Psychoacoustics sets out to establish the relations between our auditory sensations and the physical characteristics of the acoustic stimuli. These relations are obtained using techniques of experimental psychology. The statistical response of a great number of listeners to clearly defined stimuli is established, without necessarily seeking to explain the intimate working mechanism of the ear.
The stimuli are pure tones, random tones, speech, etc. The listeners' responses are expected to reveal whether a sound is audible or not, to show whether there is a modification or not of the auditory sensations, to classify sounds perceived according to a scale, etc.

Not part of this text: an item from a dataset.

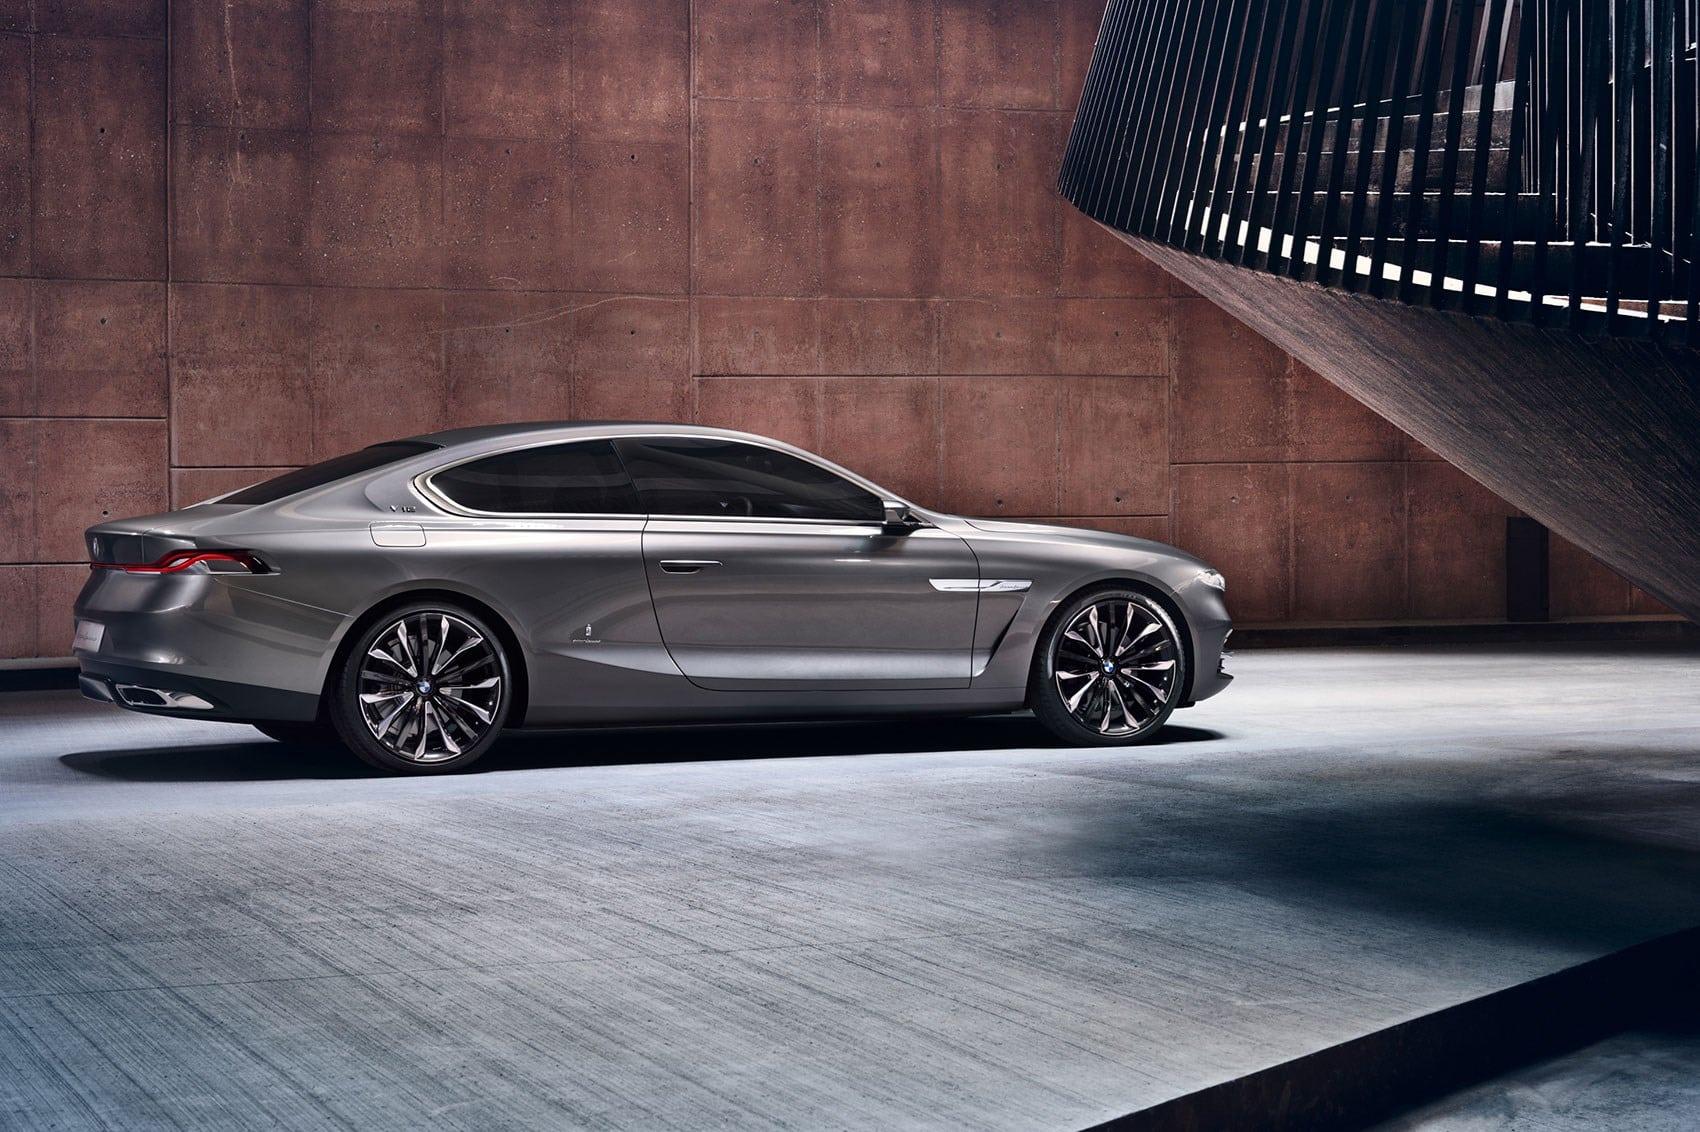 2020 BMW 530e Powertrain
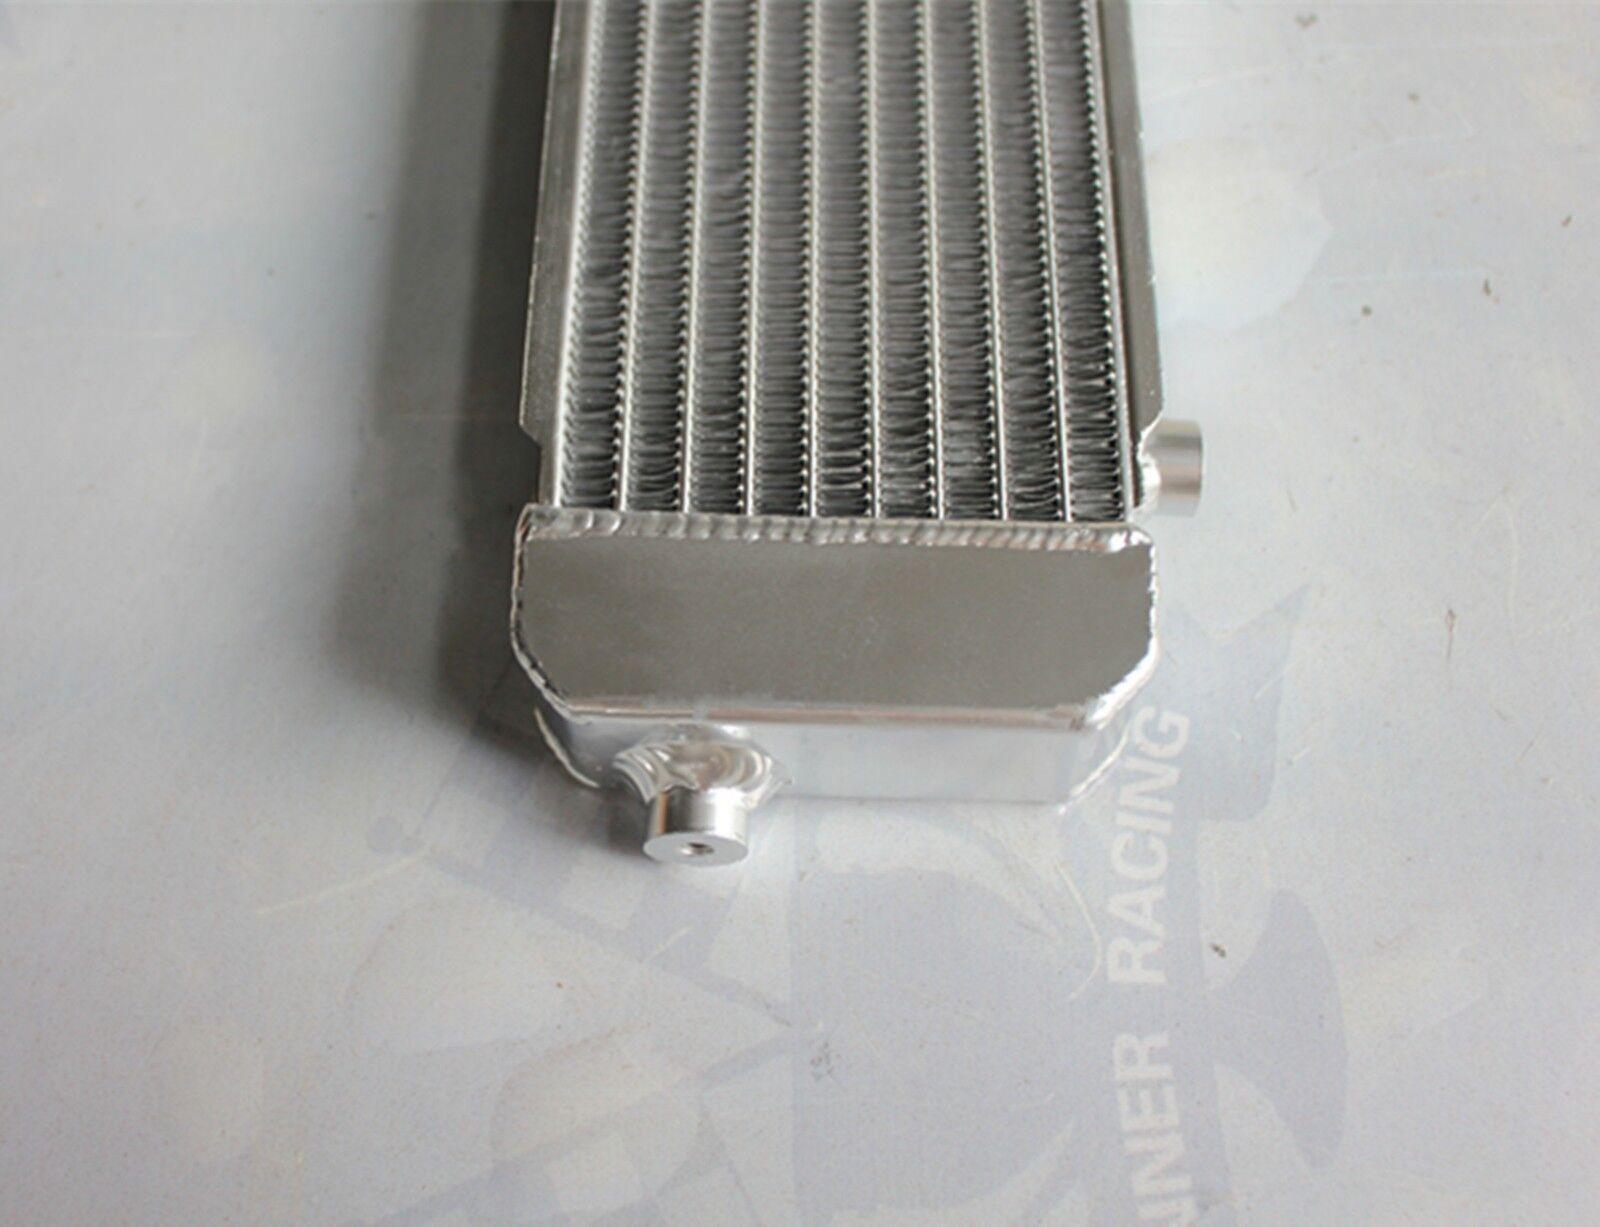 64MM COOLING INTERCOOLER FIT AUDI 200 C3 QUATTRO 3B 20V TURBO ENGINE 1989-1991

The manner of listening is very important and must be specified. A distinction is made between listening with headphones, listening in free field conditions, and listening in a diffuse or semi-diffuse sound field. A rich set of sound samples, covering most of the following psychoacoustic effects, may be found here.
Auditory sensation area
The frequency and intensity region of audible sounds is known as auditory sensation area. It is delineated at its bottom by the threshold of hearing and at its top by the threshold of pain. For a given listener, the threshold of hearing is the minimum sound pressure level of a specified sound that is capable evoking an auditory sensation. The sound reaching the ears from other sources, as the bone structure for instance, is assumed to be negligible. The threshold of pain for a given listener is the minimum sound pressure level of a specified sound which will stimulate the ear to a sensation of definite pain.
In the 2 to 4kHz frequency range, where the ear is most sensitive, the dynamic range corresponding to the difference between the threshold of pain and threshold of hearing is approximately 140dB.
Our hearing normally deteriorates with age: this is know as presbycousis. This evolution is objectivized by a hearing loss, i.e. the amount expressed in decibels by which the threshold of hearing of the impaired ears exceeds the standard threshold of hearing for a specified frequency. Presbycousis is more marked for men than for women: this is explained by different exposures to noise during our lives. It is thus proven that a long exposure to intense noise, at work, for example, accelerates the aging process of our hearing and can cause higher than normal hearing losses. Losses of around 25dB can cause an appreciable degradation in speech intelligibility.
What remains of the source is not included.